Why the Future is Agentic: An overview of Multi-Agent LLM Systems

Published: 24.06.2024
Author: Dr. Yannik Bauer, Dr. Johannes Nagele, Dr. Philipp Schwartenbeck
Category: Deep Dive

Since the breakthrough of ChatGPT in November 2022, Generative AI (GenAI) and Large Language Models (LLMs) have taken the world by storm. Applications range from contract management, building chatbots, summarizing existing company expertise (‘if a company knew what a company knows’) to generating marketing content or documents describing a highly structured production process. One important contribution of LLM-based GenAI chatbots is to drastically lower the hurdles of creating amazing content (text, images, audio, video, code etc.) through natural language input, opening new possibilities of human-machine interactions for the broad public through an easy user interface.

Limitations of current LLM applications

But let’s face it: Most people who have interacted with ChatGPT have soon noticed that the default LLM-workflow will only get you so far once the task reaches a certain level of complexity. Even using best practice prompt engineering techniques, you will end up with an increasingly long prompt, and chances are that the LLM will not understand or adhere to all the instruction details and information provided in the prompt will be lost. One typical way around this issue is to iteratively check the chatbot responses and improve them via prompting – but this is a tedious process and runs the risk of the LLM getting stuck on or misled by its previous wrong responses in the chat context window. Another issue is that real-world tasks often require the chatbot to integrate tools such as internet search, search for relevant internal company documents (via Retrieval Augmented Generation, RAG), maths capabilities, coding expertise, or guardrails to ensure safety standards for sensitive data.

This is where agentic workflows and multi-agent systems (MAS) enter the stage. MAS prove extremely useful in solving complex tasks while still offering a simple, intuitive natural language interface. Imagine if, instead of a single LLM chatbot application, we built a fully customisable system of LLM agents (AI agents or ‘bots’) that are all specialised for different tasks: a reflector, a document checker, a web searcher, a critic, a coder, a chart generator, or a product owner bot criticizing your work. Take the example of GenAI-assisted coding: Here, already a two-agent producer-reflector architecture has been shown to drastically improve code output accuracy compared to a classic chatbot workflow. In this architecture, a human user gives the initial task to a user proxy bot that relays the task to a coding bot. Instead of requiring the human user to receive the chatbot code output, test it, and give feedback to the bot to iteratively get rid of likely code errors, the user proxy bot takes over these tasks and eventually hands over the final automated high-quality code product to the human user in much less time.¹

Ist die Zukunft “agentisch”? Ein Überblick über Multi-LLM-Systeme | Webinar | Alexander Thamm GmbH

A New Era of Agentic LLMs

But what exactly is an agent in a multi-agent system? In Artificial Intelligence: A Modern Approach, an "agent" is defined as "anything that can be viewed as perceiving its environment through sensors and acting upon that environment through actuators."² But here, we are more specifically talking about autonomous GenAI agents, which can be defined as LLM-based agents that act autonomously to achieve goals based on their available inputs and actions. What makes LLM-based agents so attractive is that they are able to process natural language inputs rather than requiring software development expertise, which makes it so much easier for humans to interact with them.

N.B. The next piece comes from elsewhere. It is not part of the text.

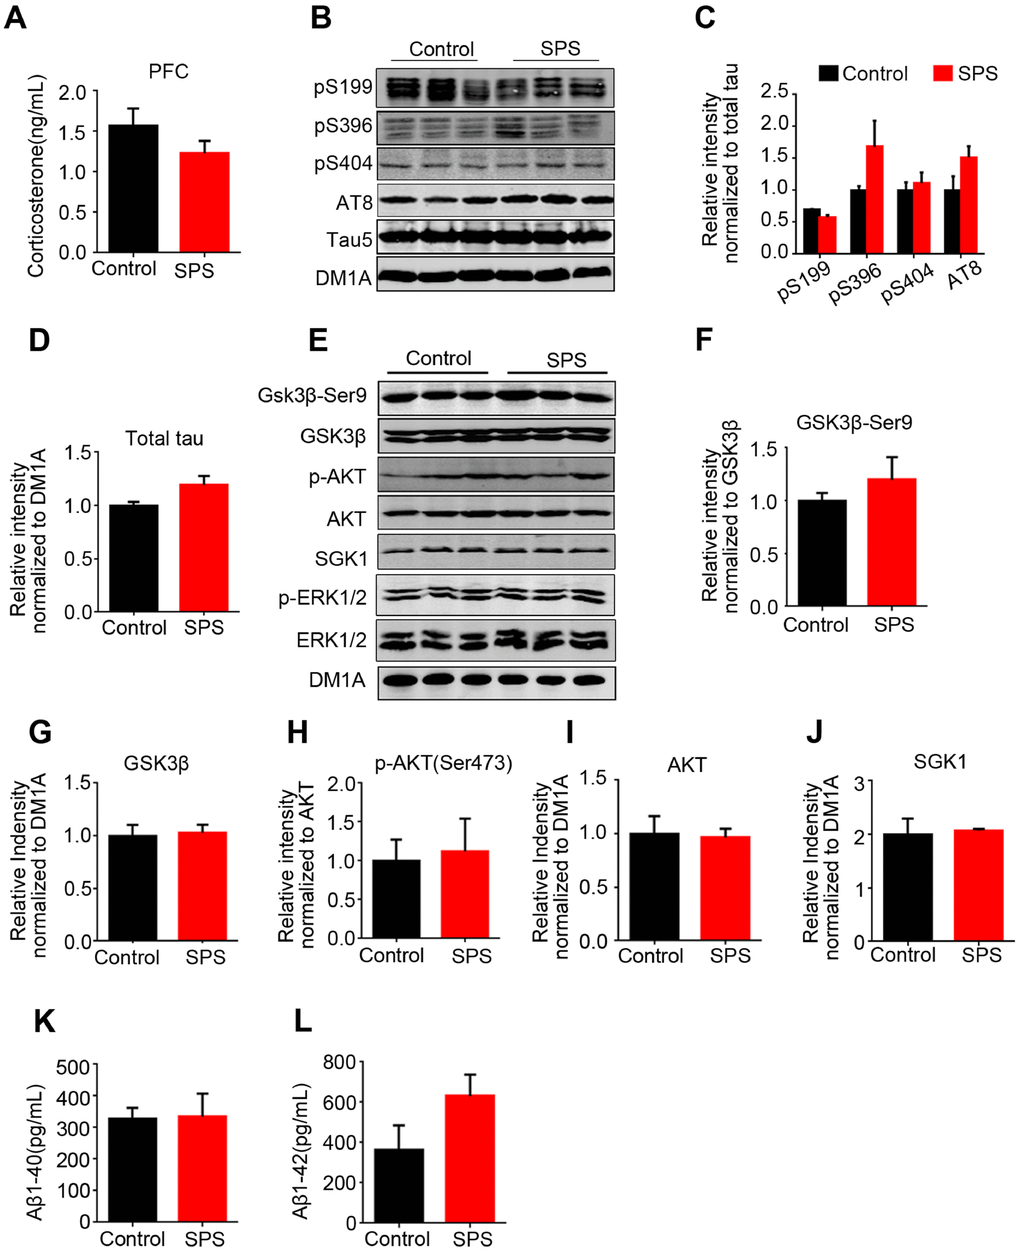 No change of tau and/or tau-related kinases in the prefrontal cortex of SPS rats. (A) The level of corticosterone wasn’t significant different compared with control in prefrontal cortex. (B–D) WB protein bands showed an increase tendency of tau, but no statistical significance. (E–J) tau-related kinase detected by WB showed no changes between the two groups. (K and L) SPS-induced PTSD didn’t alter Aβ1-40 and Aβ1-42 production in the prefrontal cortex. All data represent mean ± SEM, n=3.

There are several key design patterns that make agentic workflows very attractive for software development, which we would like to expand on in the following. One such concept that we already alluded to above is tool use. It is true that LLMs produce astonishing results based on the principle of next-word prediction, vast amounts of training data and billions of model parameters. Nevertheless, this type of ‘statistical reasoning’ process is known to have weaknesses when it comes to factfulness (hallucinations), logical reasoning and maths. Through tool use, your LLM agent app could solve such problems by actually using tools that do maths, or coding, or web searching, or image generation, or by using any other tool that you wish to connect to the agents. If one agent has multiple tools available, it can even decide itself how to solve the user task, e.g. by doing a function call to a web search tool, retrieving its own knowledge base, calling a specialised Excel agent etc. In other words, the principle of next-word-prediction, upon which LLMs are based, does not have to be applied to solve any given task, but LLM agents can decide themselves which tool is most suitable to solve a given problem or sub-problem.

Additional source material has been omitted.